Outside, the day had waned to a moist, cool evening. Luap built up the fire quickly, noticing that Gird still shivered from time to time.
"Are you all right?"
"Just cold." He sounded tired as well as cold. Luap wondered if that way of travel, which he found exhilarating, felt different for the one who was taken, like a sack of meal in a wagon. "I don't
like
caves," Gird said, peevishly. "They all have
something
. . . this one that chamber, the gnomehalls their secret passages and centers, and gods only know what in that place you found, whatever it is." He hitched himself around on the rock, and spread his hands to the fire Luap had built. "And I'm still not sure why you showed me that. Do you know yourself?"
"Not really." Luap put the kettle on its hook, and added more wood to the fire. He should have brought a keg of ale. That would have kept Gird from asking awkward questions . . . but Gird being Gird might have thought that a suspicious thing to do. "I thought you should know about it; I thought it should not be a secret."

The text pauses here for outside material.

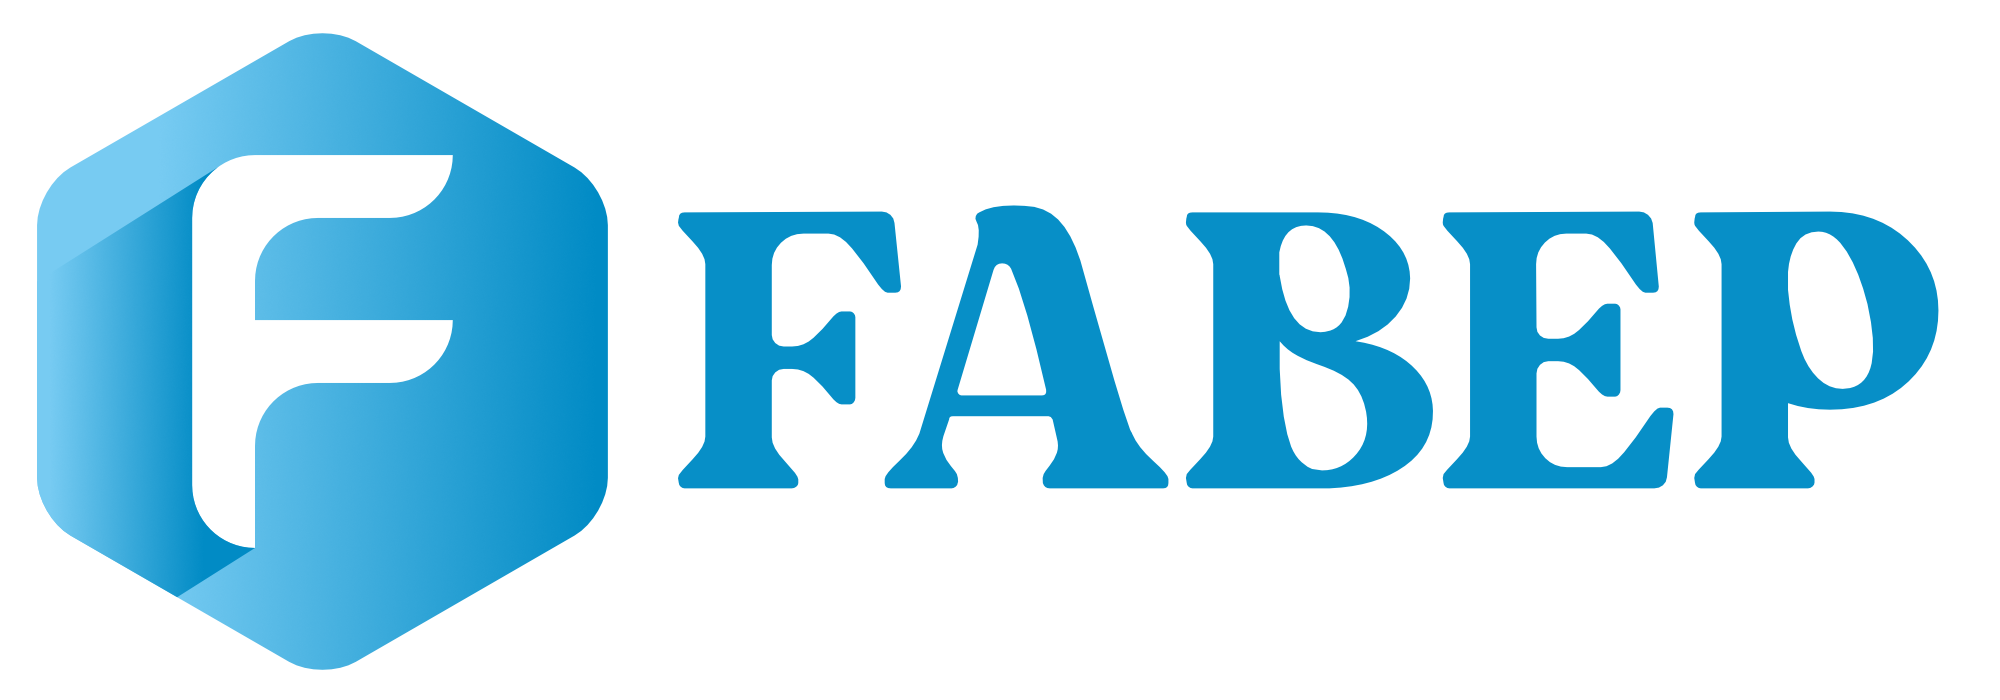 FABEP Member Database

"Umph. It was meant to be a secret, I'd wager. Meant to be, and kept a secret, all those years, until you stumbled into it. And that's something I've always wondered about—" He coughed, a long racking cough, and Luap offered him water. Gird gulped a mouthful, and coughed again. "Blast it! You'd think I was an old man, hacking and spitting by the fire." Luap said nothing, in the face of Gird's shrewd gaze. "So . . . is that what you think?" Luap managed a shrug he hoped looked casual.

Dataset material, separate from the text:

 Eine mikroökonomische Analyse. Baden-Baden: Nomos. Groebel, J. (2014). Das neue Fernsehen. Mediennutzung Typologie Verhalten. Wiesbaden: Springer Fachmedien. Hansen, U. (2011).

"You're older than I am, but Arranha is older. To us you're just Gird." Not quite true; others had commented, this past winter, on that same enduring cough.
"That horse has slowed down," Gird said, jerking a thumb at the white blur standing hipshot just outside the cave. "He hardly moves out of an amble, these days." Luap looked at the horse, and met dark eyes that looked no more aged than a colt's. Gird never admitted anything unusual in his horse, but everyone else realized that it had never been a stray carthorse. Where it had come from, no one knew, but Luap had heard more than one refer to it as "Torre's mount's foal."
"Horses age faster than men," Luap said, ignoring the snort from the cave entrance. "And you were willing to sit out in that snowstorm longer than I was."
"That's true." Gird prodded the fire with a stick; sparks shot up, and shadows danced on the cave walls. He looked around. "It was homelier with an army in it."
Noisier and smellier, Luap thought, remembering quarrels and hunger. Now they had plenty of food, warm dry clothes without holes, warm blankets to sleep in. "Sib's ready," he said, lifting the lid on that aromatic brew. "We'll be back to a town tomorrow." If he was lucky, Gird would not get back to his previous topic. He dipped a mugful for Gird, another for himself, and set the loaf by the fire to warm. They had an end of ham, the mushrooms they'd gathered on the way, a handful of berries, a few spring ramps. Gird drank his sib in three gulps, then held his mug for more. Luap served him, silent and hoping to remain so. He offered a slice of warm bread, with a slab of cold ham. Gird took it as silently, and bit off a chunk.
Silence lasted the meal, then Gird belched and sighed. "Strange place. A long way from here or anyplace I ever saw. They don't look like the mountains near the gnome princedom. Elves . . . dwarves . . . they will not thank you for sharing their secret, when they find out."